Danny Deever - Structure

Structure

The poem is composed of four eight-line verses, containing a dialogue between two (or three) voices:

"What are the bugles blowin' for?" said Files-on-Parade.
"To turn you out, to turn you out", the Colour-Sergeant said.
"What makes you look so white, so white?" said Files-on-Parade.
"I'm dreadin' what I've got to watch", the Colour-Sergeant said.
For they're hangin' Danny Deever, you can hear the Dead March play,
The regiment's in 'ollow square -- they're hangin' him to-day;
They've taken of his buttons off an' cut his stripes away,
An' they're hangin' Danny Deever in the mornin'.

It is immediately noticeable that the poem is written in a vernacular English. Though the Barrack-Room Ballads have made this appear a common feature of Kipling's work, at the time it was quite unusual; this was the first of his published works to be written in the voice of the common soldier.

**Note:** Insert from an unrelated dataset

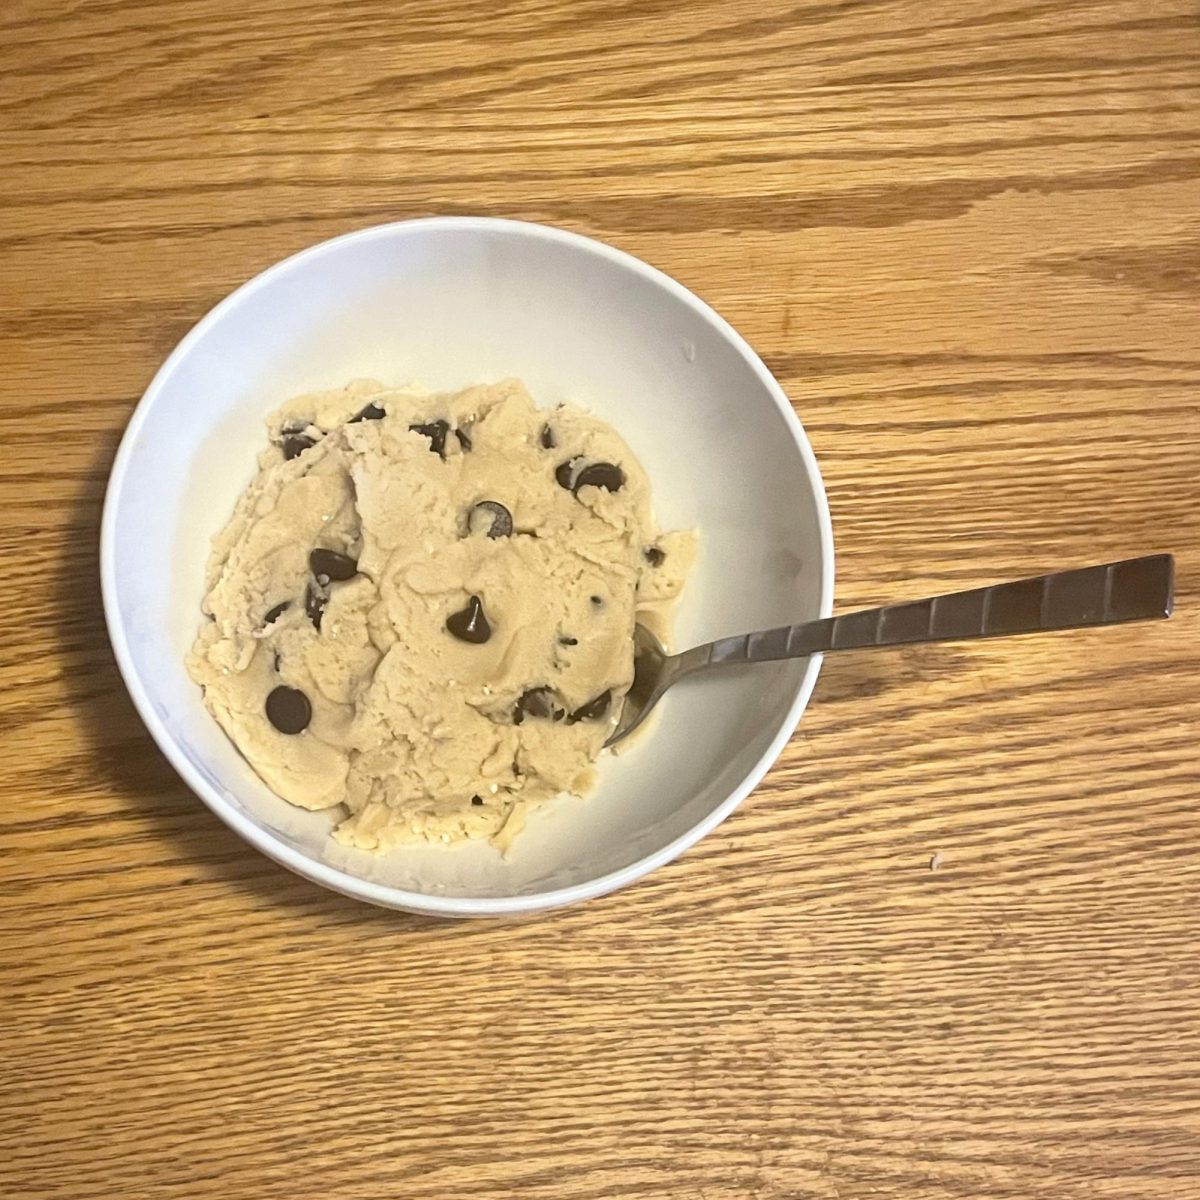 After just one bite of this cookie dough, it will quickly become your not-so-guilty pleasure as it is completely safe to eat!

The speech is not a direct representation of any single dialect, but it serves to give a very clear effect of a working class English voice of the period. Note the "taken of his buttons off", a deliberate error, to add to the stylised speech; it refers to the ceremony of military degradation, where the man to be executed is formally stripped of any marks of rank, such as his stripes, or of significant parts of his uniform - the buttons bore the regimental crest.

The four verses each consist of two questions asked by "Files" and answered by the Sergeant- a call-and-response form - and then another four lines of the Sergeant explaining, as above. In some interpretations, the second four lines are taken to be spoken by a third voice, another "file-on-parade". Both the poem's rhythm and its rhyme scheme reinforce the idea of drilling infantry by giving the effect of feet marching generally but not perfectly in unison: Although the poem's overall meter is iambic, each line in the verses and, to the slightly lesser extent, the chorus features syllables with additional grammatical and phonetic emphasis that fit the rhythm of the "left, left, left right left" marching cadence. The first four lines always end with the same word, and the last four feature an aaab rhyme scheme with slightly lighter syllables that force the pace into a brisk march despite its somber mood (cf. the text of the poem's final chorus). Eliot noted the imperfect rhyme scheme - parade and said do not quite rhyme - as strongly contributing to this effect, with the slight interruption supporting the feel of a large number of men marching together, not quite in harmony.